A hypothesis then: would his homosexuality have been the spur? Hardly, then. Conviction? Ambition? Or simply money? There had certainly been an injection of capital into Britton’s Foods and Groceries which could, possibly, represent an advance payment.
But Sylvester halted his groundless speculation; it was always profitless to theorise without evidence. He made a rapid mental list of the course his muck-raking would take as soon as he was in London, while realising that the midden was non-existent. It was a nice idea: but an unfounded one.
Meanwhile he started the engine of the hired car, and after several false starts found his way back to the highroad, and turned towards the town.
Three miles short of Ankara he saw a police car, lights off, waiting on the verge. As he passed, it turned out behind him.

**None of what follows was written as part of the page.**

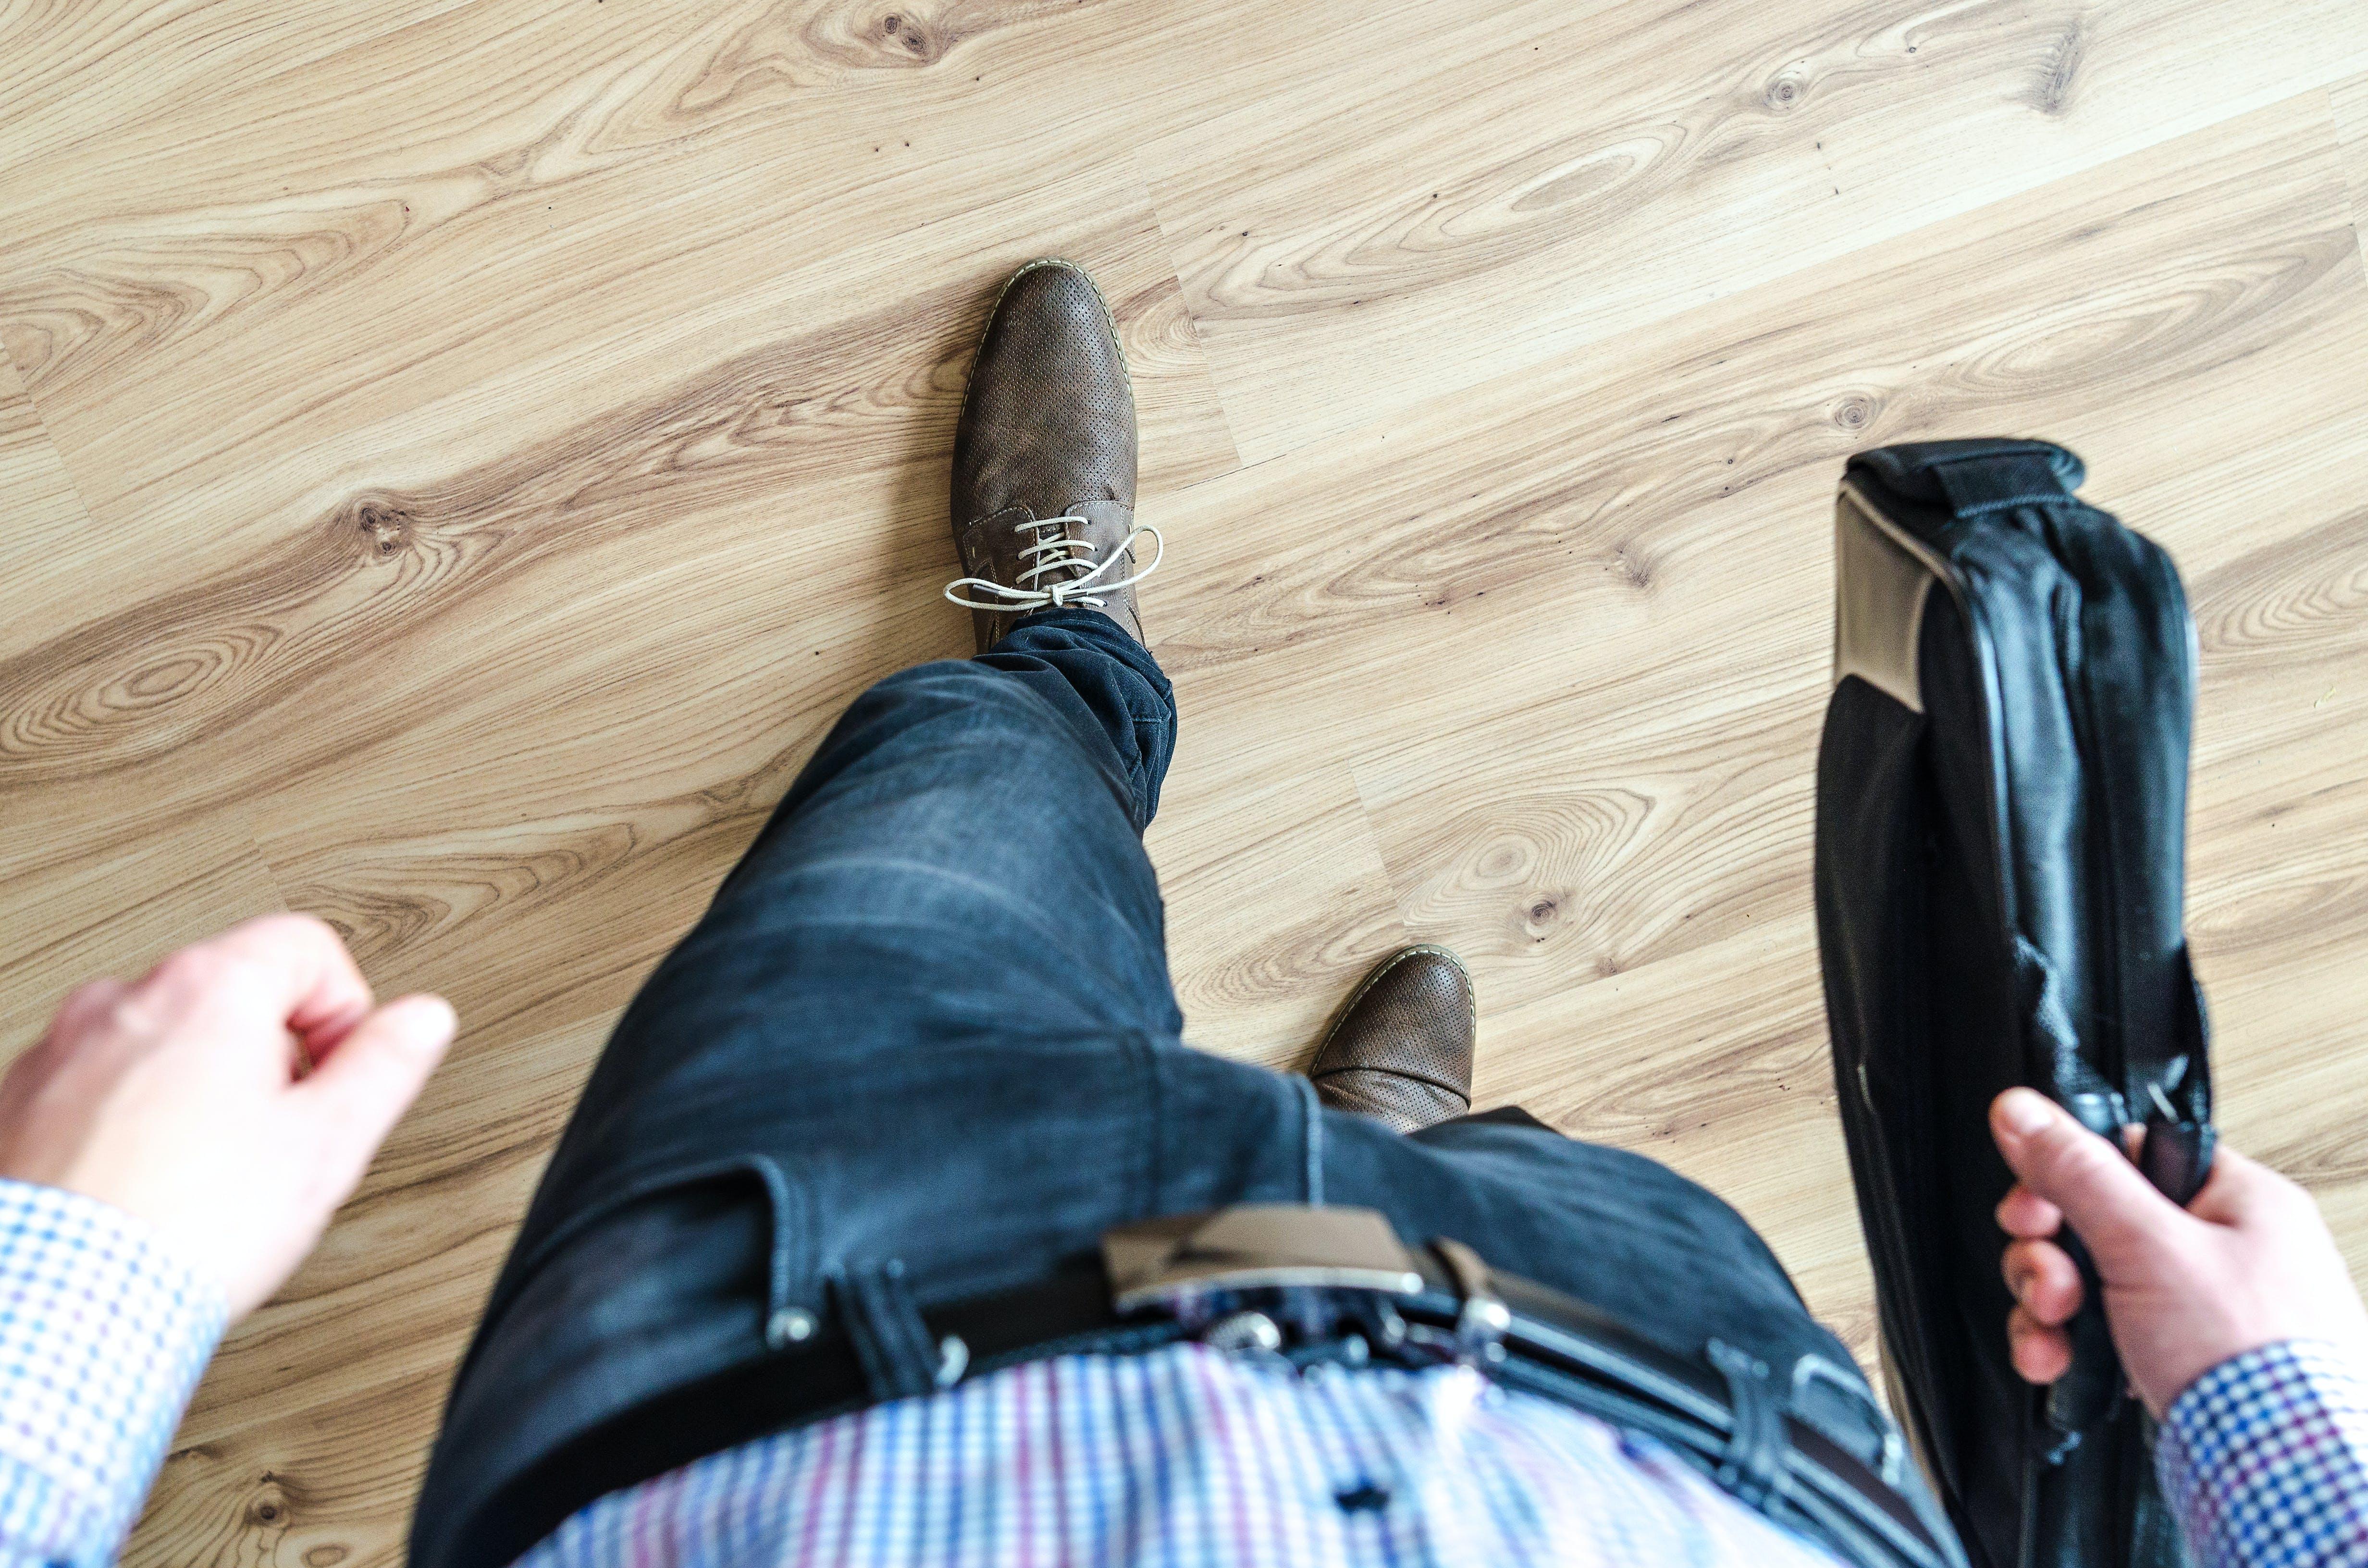 Kostenloses Stock Foto zu büro, drinnen, fashion, fußbekleidung

A mile further on, sirens blaring and lights flashing, it overtook Sylvester’s car and forced him to stop.
‘Routine check,’ one of the officers said in English. Sylvester lit a cigarette while the men searched the car. He had put nothing into it since hiring it earlier in the day. He offered a cigarette to one of the men, who refused it. Another man, having lifted the spare wheel out from its socket, held up a small white bundle. Sylvester had never seen it before. The man unwrapped the paper and polythene, to sniff, and then taste, the white powder it revealed.
‘A correct tip off,’ he said. ‘For a change.’
‘Here in Turkey we are not lenient with drug smugglers,’ the other man announced, his gold teeth flashing in the beam of the headlights.
Sylvester made the routine protests which were, as he might have expected, no more acceptable for being true. He was arrested and handcuffed, and driven to a gaol.
It was morning before a British Consular official appeared, a young man with a flushing skin and drawling accent. He viewed Sylvester with distaste, and was hardly convincing either in his expressions of sympathy, or of belief that Sylvester was innocent and ignorant. He would do the best he could, he said; Sylvester Crawford was, after all, a public figure. But the Turkish legal system worked very slowly, and they were cracking down on drugs. He could not hold out much hope for release in less than a week.